Bei Rheinkilometer 375 läuft der Strom mit starkem Sog in die Auwälder aus. Schauflug und Schautauchen der Kormorane werden begleitet von Pappelrauschen und silberreinem Rotkehlchensang. Hin und wieder ruft der wilde Kuckuck auf Selbstfindung seinen bezeichnenden Namen durch Gestrüpp und Wipfel. Alt-Dettenheim wurde mitsamt seinen Malariasümpfen im Zuge von Tullas Rheinbegradigung so gut wie ausgelöscht, dh, es besteht noch aus zwei Häusern und einigen ringgebundenen Infotafeln, die von lokalen Fröschen berichten, die sich zur Paarungszeit aus unbekannten Gründen blau verfärben.

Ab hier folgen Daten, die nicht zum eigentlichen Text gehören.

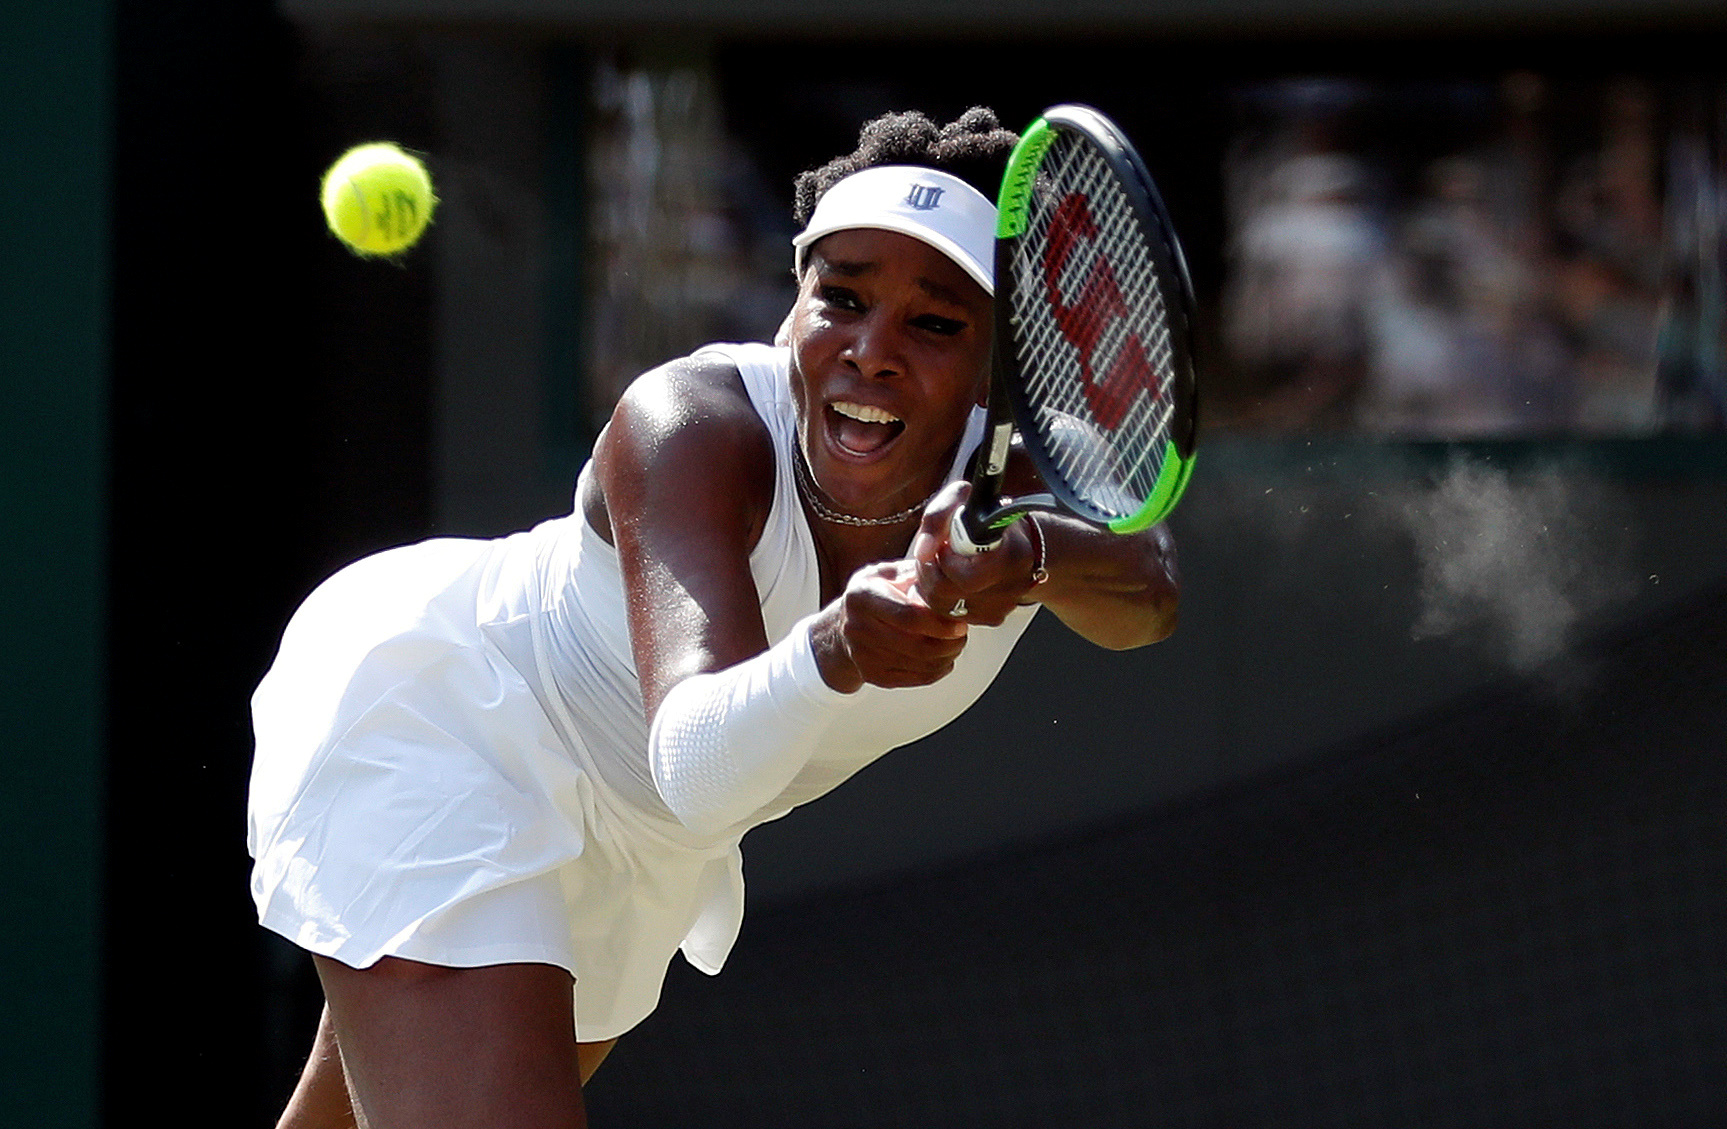 
Implicit bias was likely behind The Wall Street Journal’s now-deleted tweet “Something’s not white! At Wimbledon, a player failed his pre-match undergarment check,” which—accompanied by a photo of Venus Williams (shown here during a third round match against Kiki Bertens of the Netherlands)—linked to an article about the tennis tournament’s all-white garments policy

In Rußheim, das sich im tiefen Tal voll grüner Au hinter einem teichrosenbestandenen Wasserlauf auftut, gibt es eine Herrgottstraße sowie äußerst schmackhafte Himbeer-Zitronenquark-Flechtteilchen, für die sich sicherlich ein schöner Name erfinden ließe, und um Mittag ein plötzliches, fantomartiges Mutterkindaufkommen, das die leergefegten, in eine trügerische Staubdunstschicht gehüllten Straßen für einen halluzinatorischen Moment belebt. Ein somnambuler Flecken, ganz und gar kontrolliert von seiner zeitlupenhaft tickenden, einzig aufs Unterbewußtsein wirkenden Kirchturmuhr. Und auch ich gerate in diesen Rußheimer Zeitstrudel, der sich ganz in der Nähe sogar zu einem Bunkermuseum verdickt, dh in seine abnehmende Quirlbewegung, die auf Stocken und Verharren weist, Speyer werde ich aufgrund dieser Verzögerung nicht mehr erreichen, ein seltsamer Zwang das Krabbeln der Feuerwanzen zu betrachten trägt dazu bei, auch die empfundene Notwendigkeit die Flugkurven gelegentlich und einzeln anfliegender Insekten zu berechnen, nicht wenige steuern direkt auf meinen Mund; dann geht ein Ruck oder ein Riß durch solche Rußheimsche Gefangenschaft, ich finde mich außerhalb Rußheims auf dem Sattel wieder und den Gießgraben querend erreicht Rheinsein das bereits im Lorscher Codex erwähnte Rheinsheim mit seinem Kleintierzuchtverein, seinen gefallenen Weltkriegshelden, seiner auffälligen Sandstein-Muttergottes-mit-dem-Kind vor der domartigen St. Vitus-Kirche, seinem aus scharfen, unübersichtlichen Kurven dringenden Durchfahrtsstraßenlärm und seinen sacht im Wind wippenden Kastanienblüten. Früher Nachmittag dümpelt über dem Ort, ich suche nach Anzeichen für das nahe Kernkraftwerk Philippsburg, ein paar Anwohner streicheln ihre Autos – nichts Besonderes.